● **Provided material**:
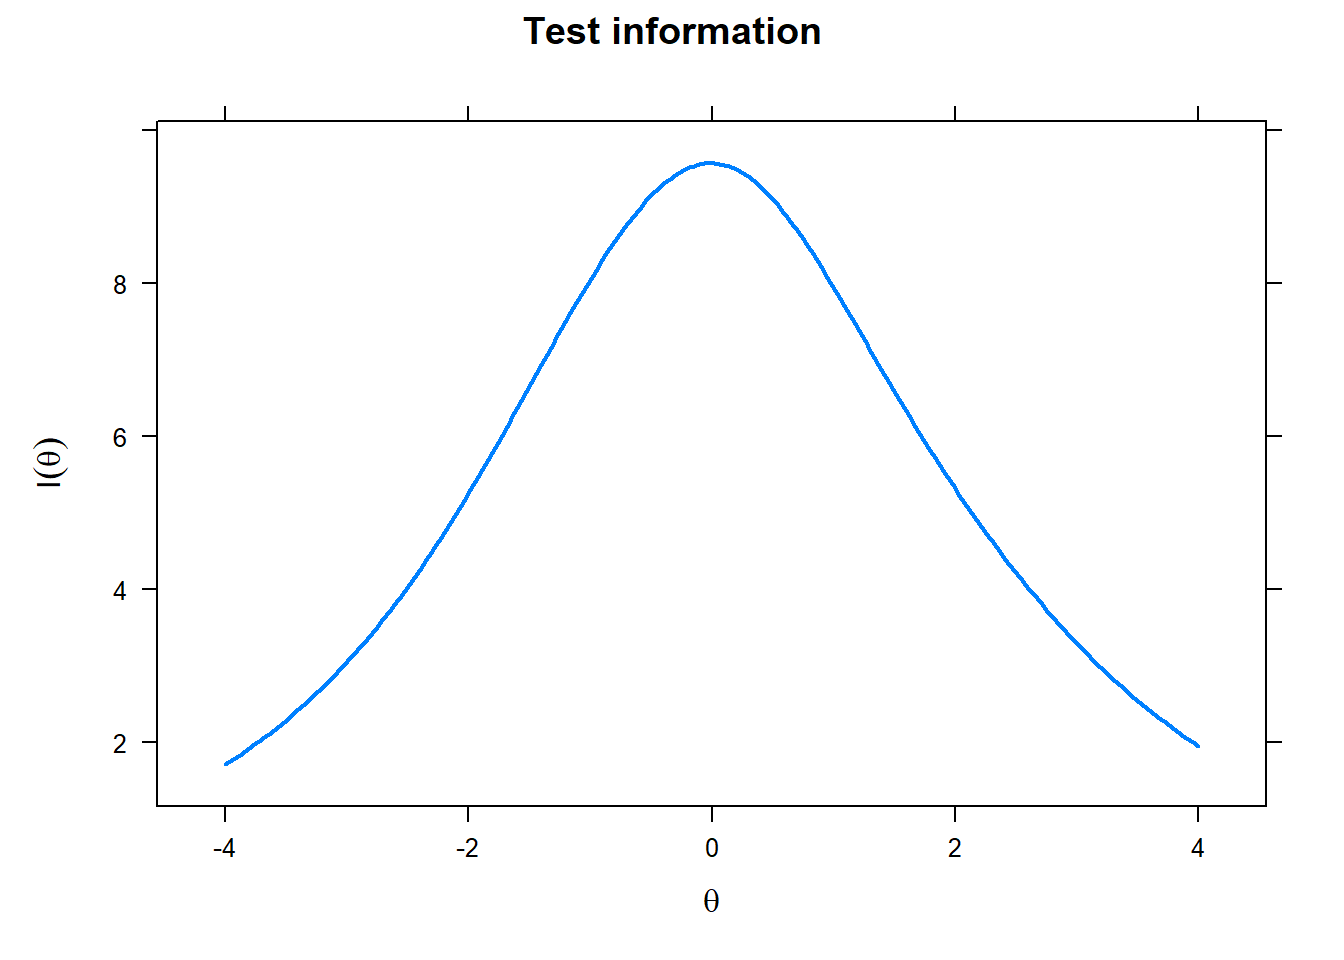 Test information curve: Enterprising
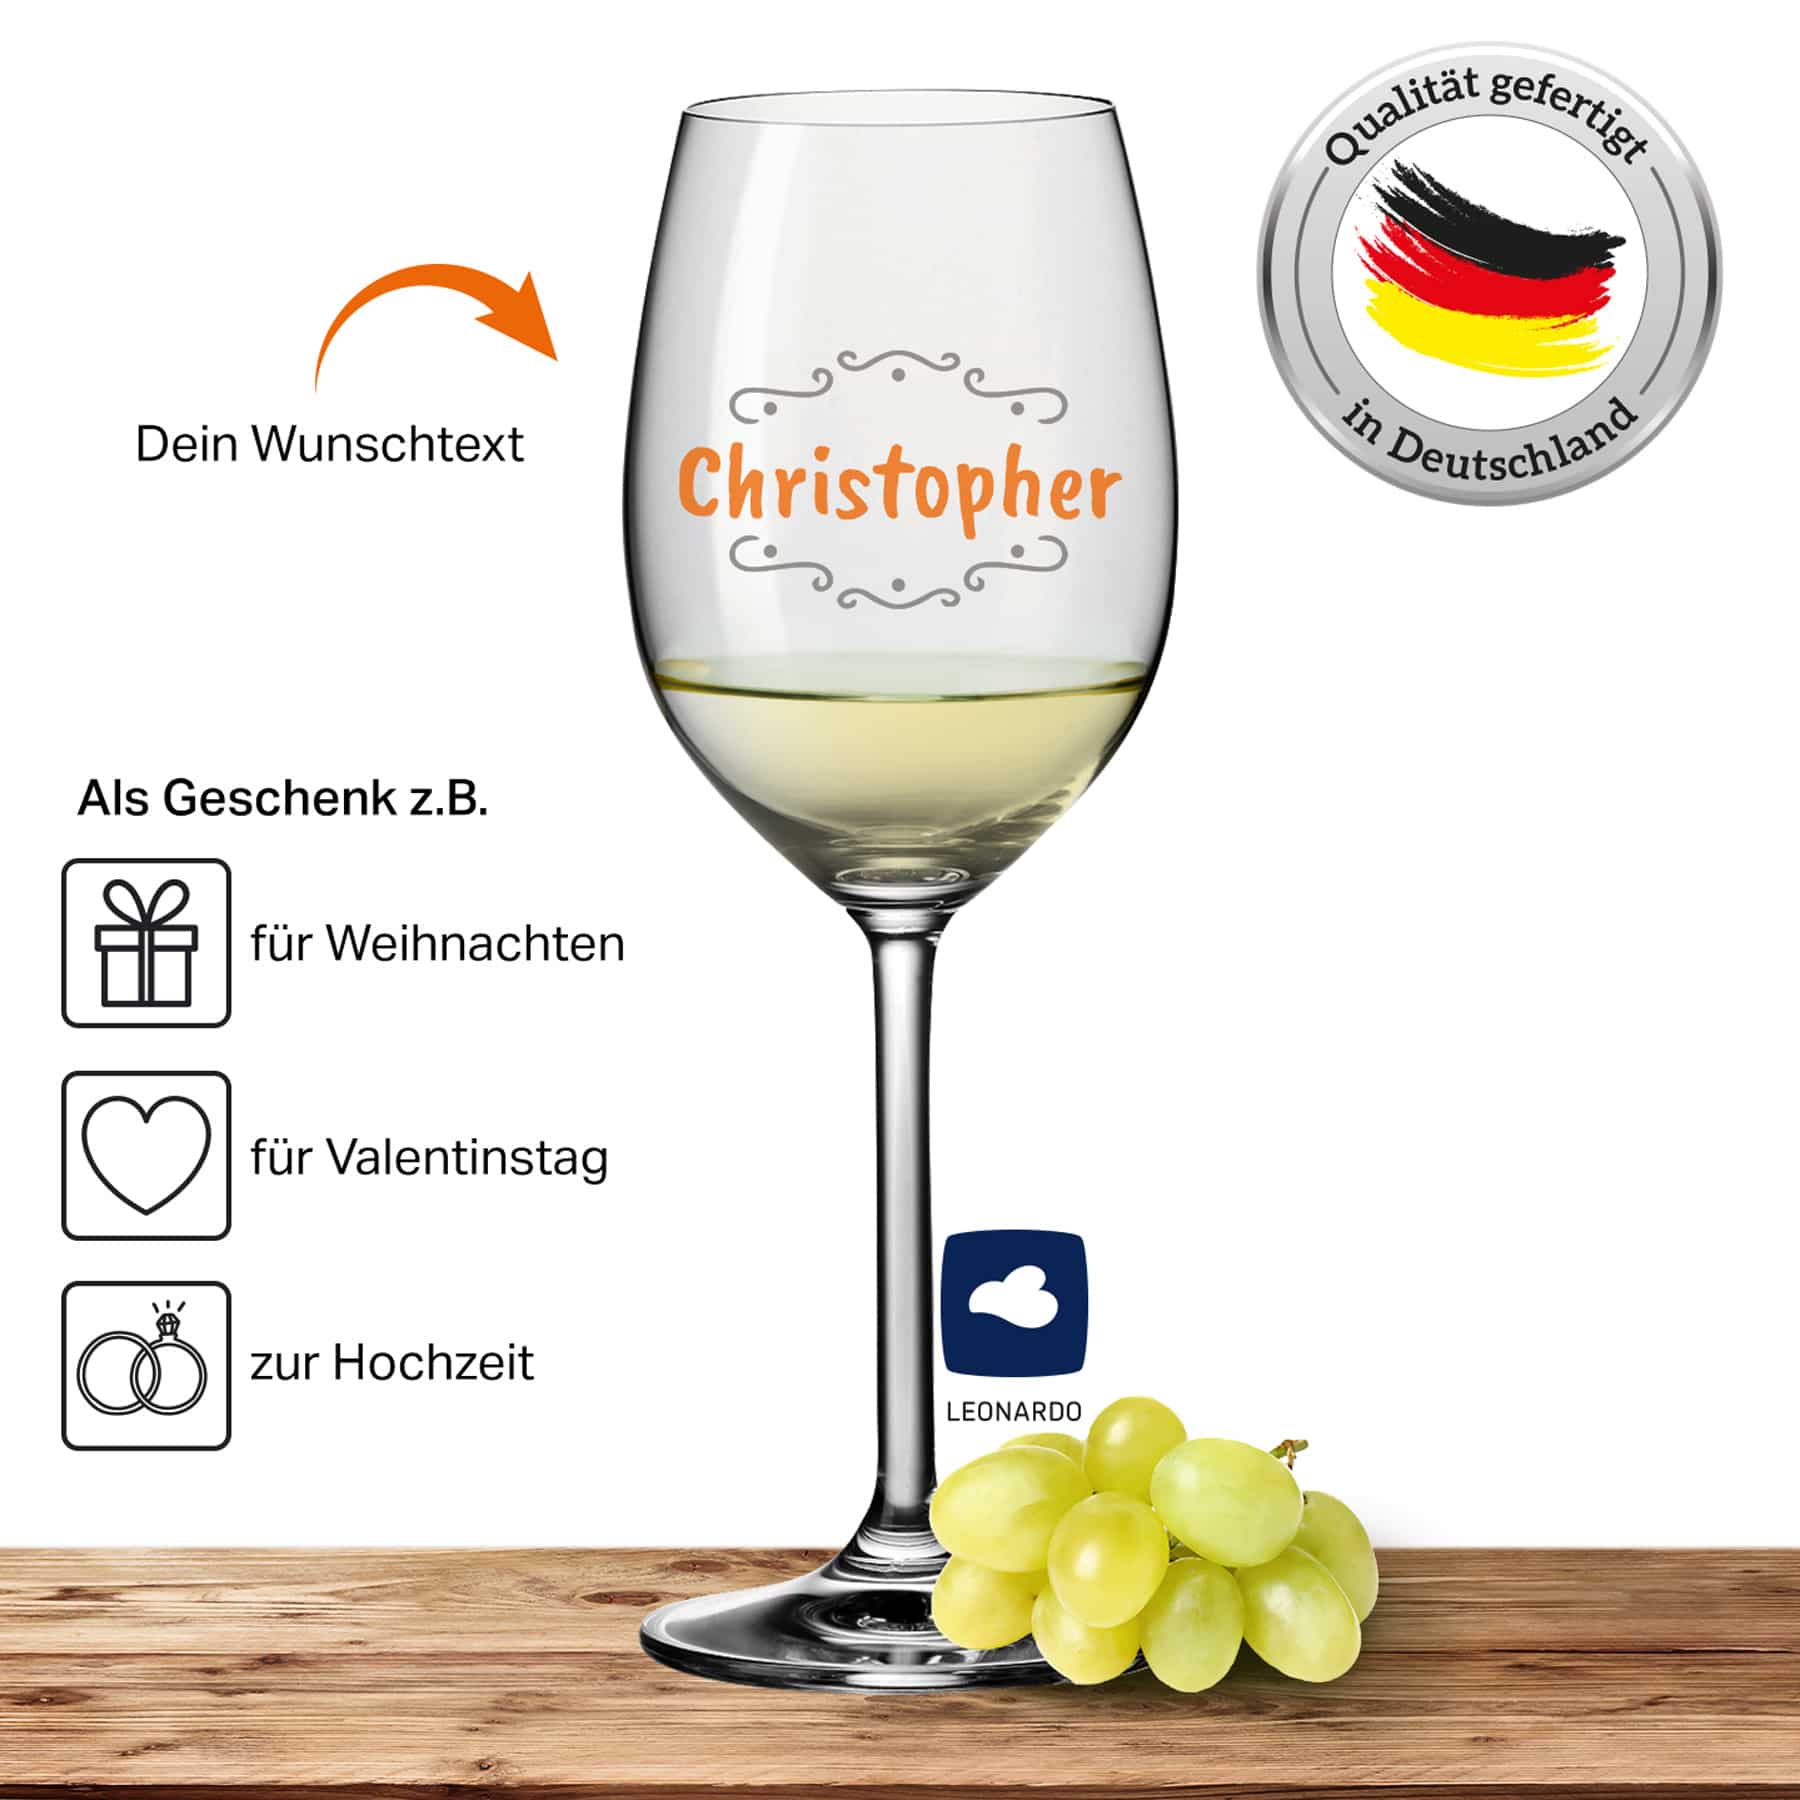 2x Leonardo Weißweinglas mit Namen oder Wunschtext graviert, 370ml, DAILY, personalisiertes Premium Weißweinglas in Gastroqualität (Verzierung 02)
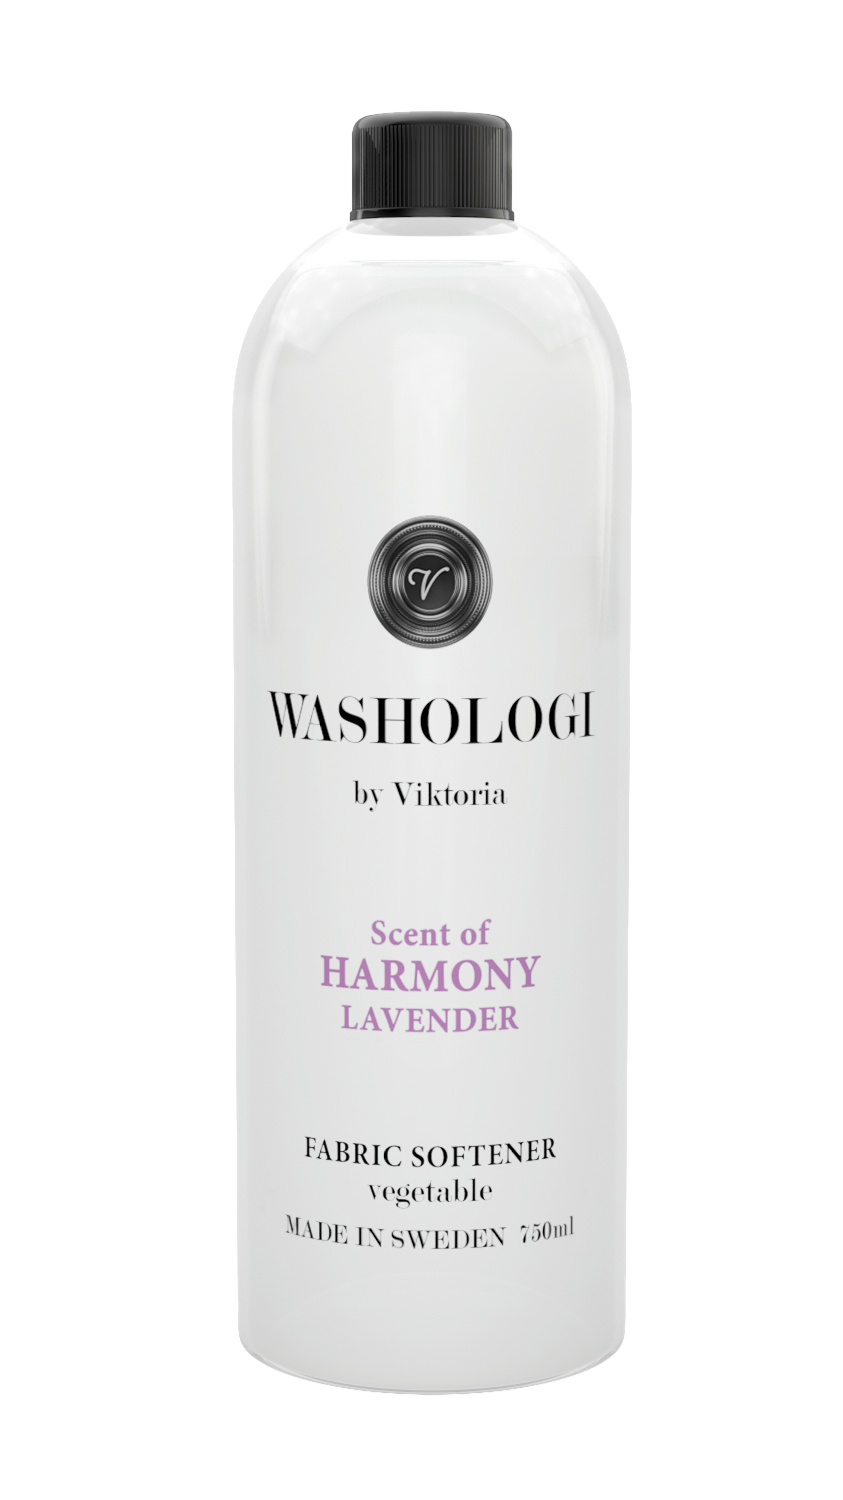 Washologi Fabric Softener Harmony 750ml Bottle Packshot White Background
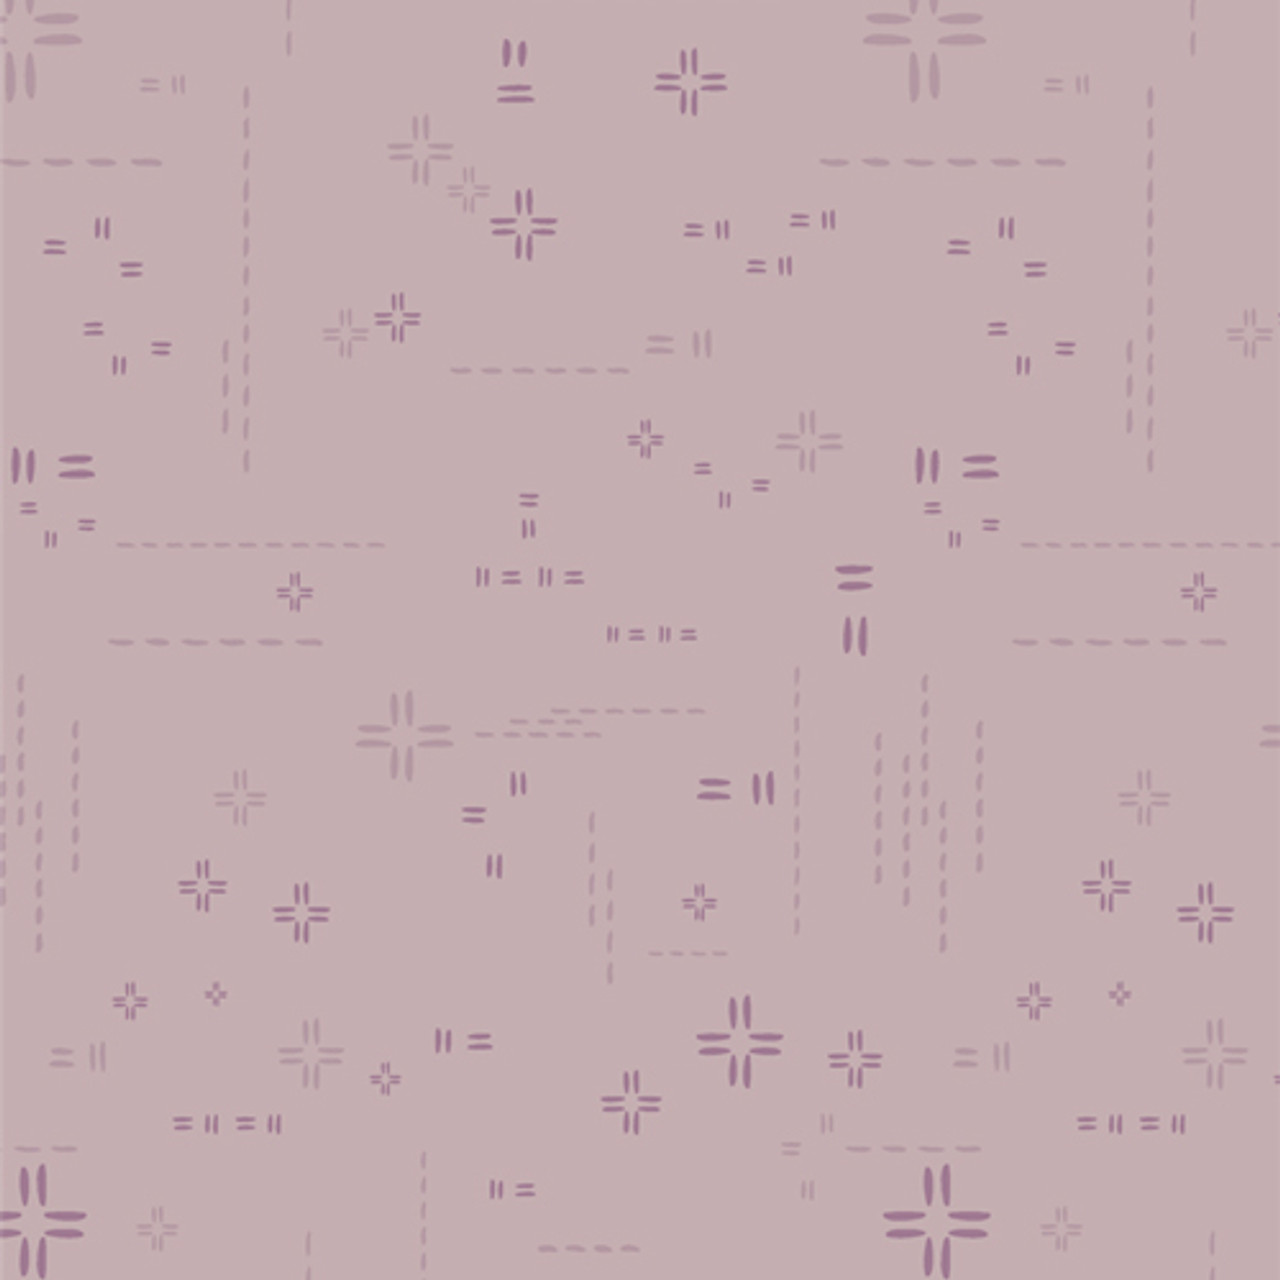 AGF Fabric Decostitch Lilac Dust

● **What you will do**: When copying, output the data exactly and leave out the pictures.

● **Exercise output**:
 Test information curve: Enterprising
 2x Leonardo Weißweinglas mit Namen oder Wunschtext graviert, 370ml, DAILY, personalisiertes Premium Weißweinglas in Gastroqualität (Verzierung 02)
 Washologi Fabric Softener Harmony 750ml Bottle Packshot White Background
 AGF Fabric Decostitch Lilac Dust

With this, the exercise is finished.